On April 11, the final act of the repressive operation took place. On this day, the Germans pacified three villages: Gałki, Hucisko, and Skłoby. Zygmunt Kosztyła suspected that these crimes – like the earlier pacification of Szałas Stary – were ordered by SS-Obergruppenführer Krüger to cover up the failure of SS and police units during the manhunt in the Mniów–Sielpia Wielka–Stąporków triangle. The civilians murdered by Krüger were later included in his reports as fallen partisans, thus artificially inflating the losses inflicted on Hubal's unit.

On the night of April 10/11, Skłoby was surrounded by a punitive expedition. The Germans detained almost all adult men and boys, who were taken to Stefanków and then transported to the school in Chlewiska. At the school, the prisoners’ identities were checked, leading to the release of some individuals under 15 or over 60 years old. Meanwhile, the Germans completely burned the village. Shortly thereafter, groups of 10 men were led out of the school building, transported by truck to the Rzuców forest, and executed over previously dug graves. The wounded were finished off with bayonets. Only four prisoners survived the massacre by escaping from the site of the execution. Over 20 men also survived by either evading capture by the Germans or being released shortly after their detention.
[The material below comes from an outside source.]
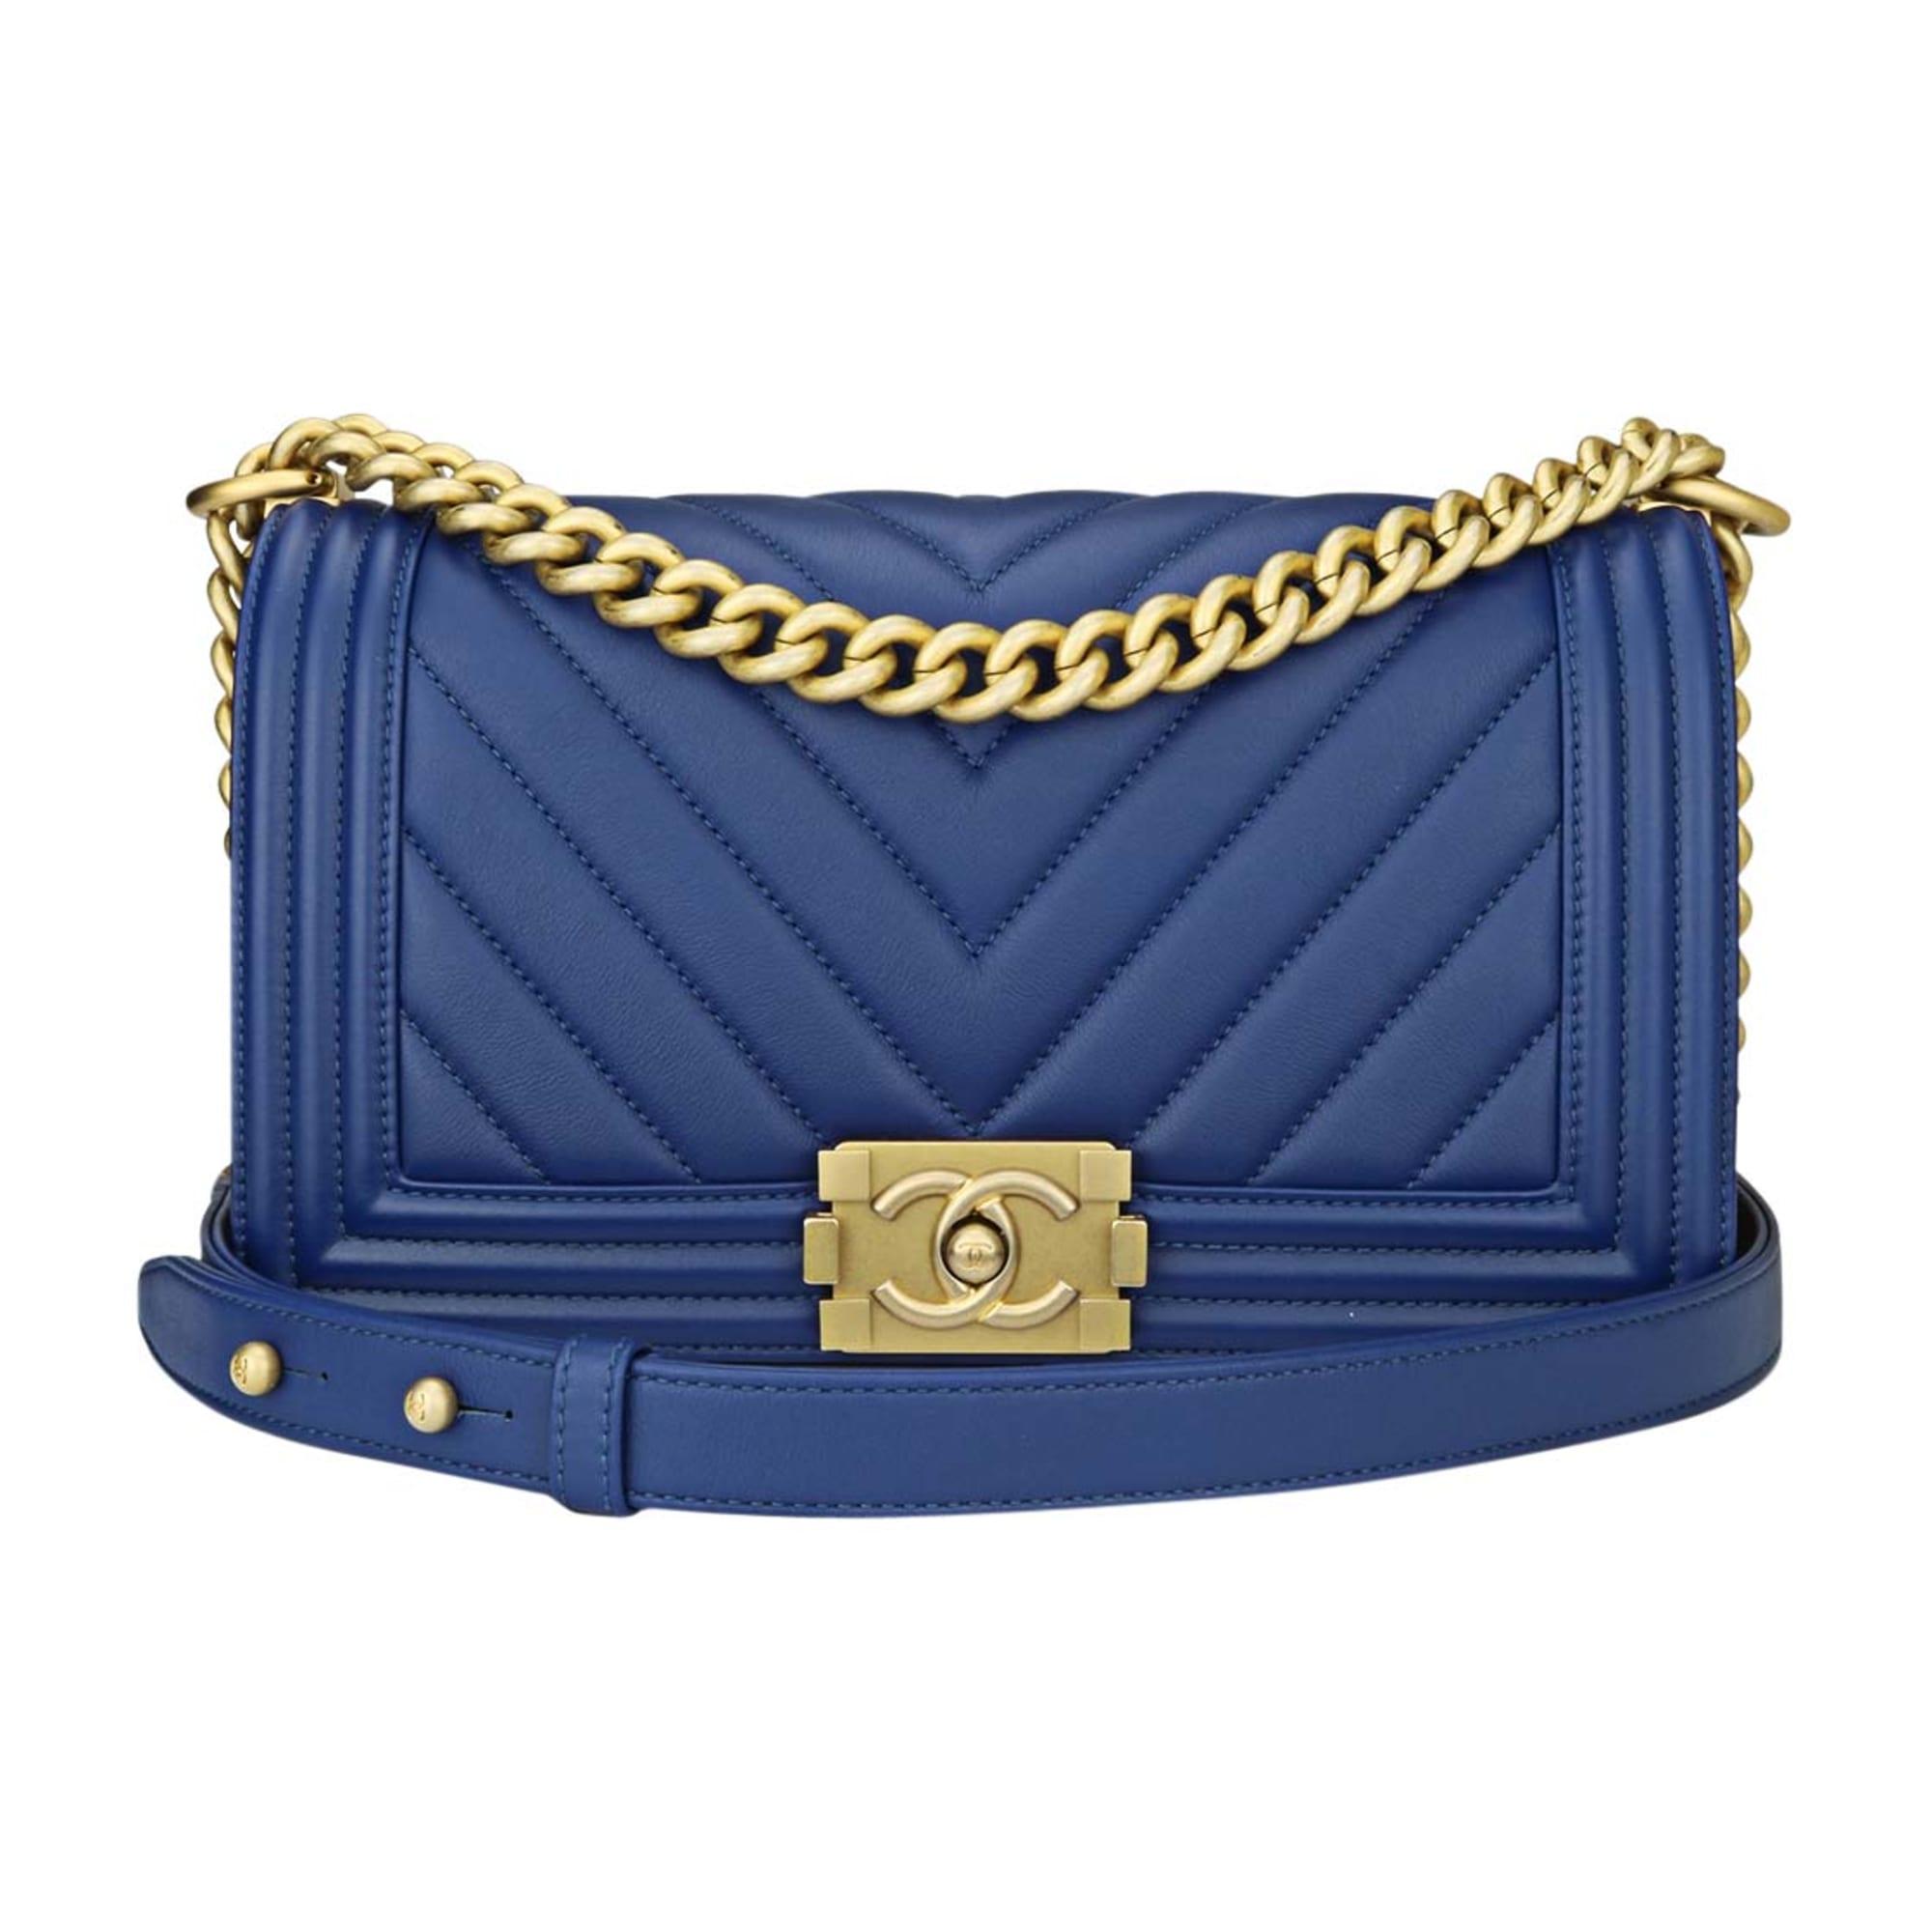 c8794defd1 Sac à main en cuir CHANEL Boy Bleu, bleu marine, bleu turquoise

The Main Commission for the Investigation of Nazi Crimes in Poland estimated the number of those murdered at 265 people (other sources suggest that 215, 216, or 228 men were executed). The village, which before the war had about 400 homesteads, was almost entirely burned down. Only the school and from 2 to 5 other buildings survived. This was the bloodiest of all the Hubal pacifications. The crime was committed by members of the 51st Ordnungspolizei Battalion. According to Polish sources, members of the SS and Selbstschutz also participated in the pacification.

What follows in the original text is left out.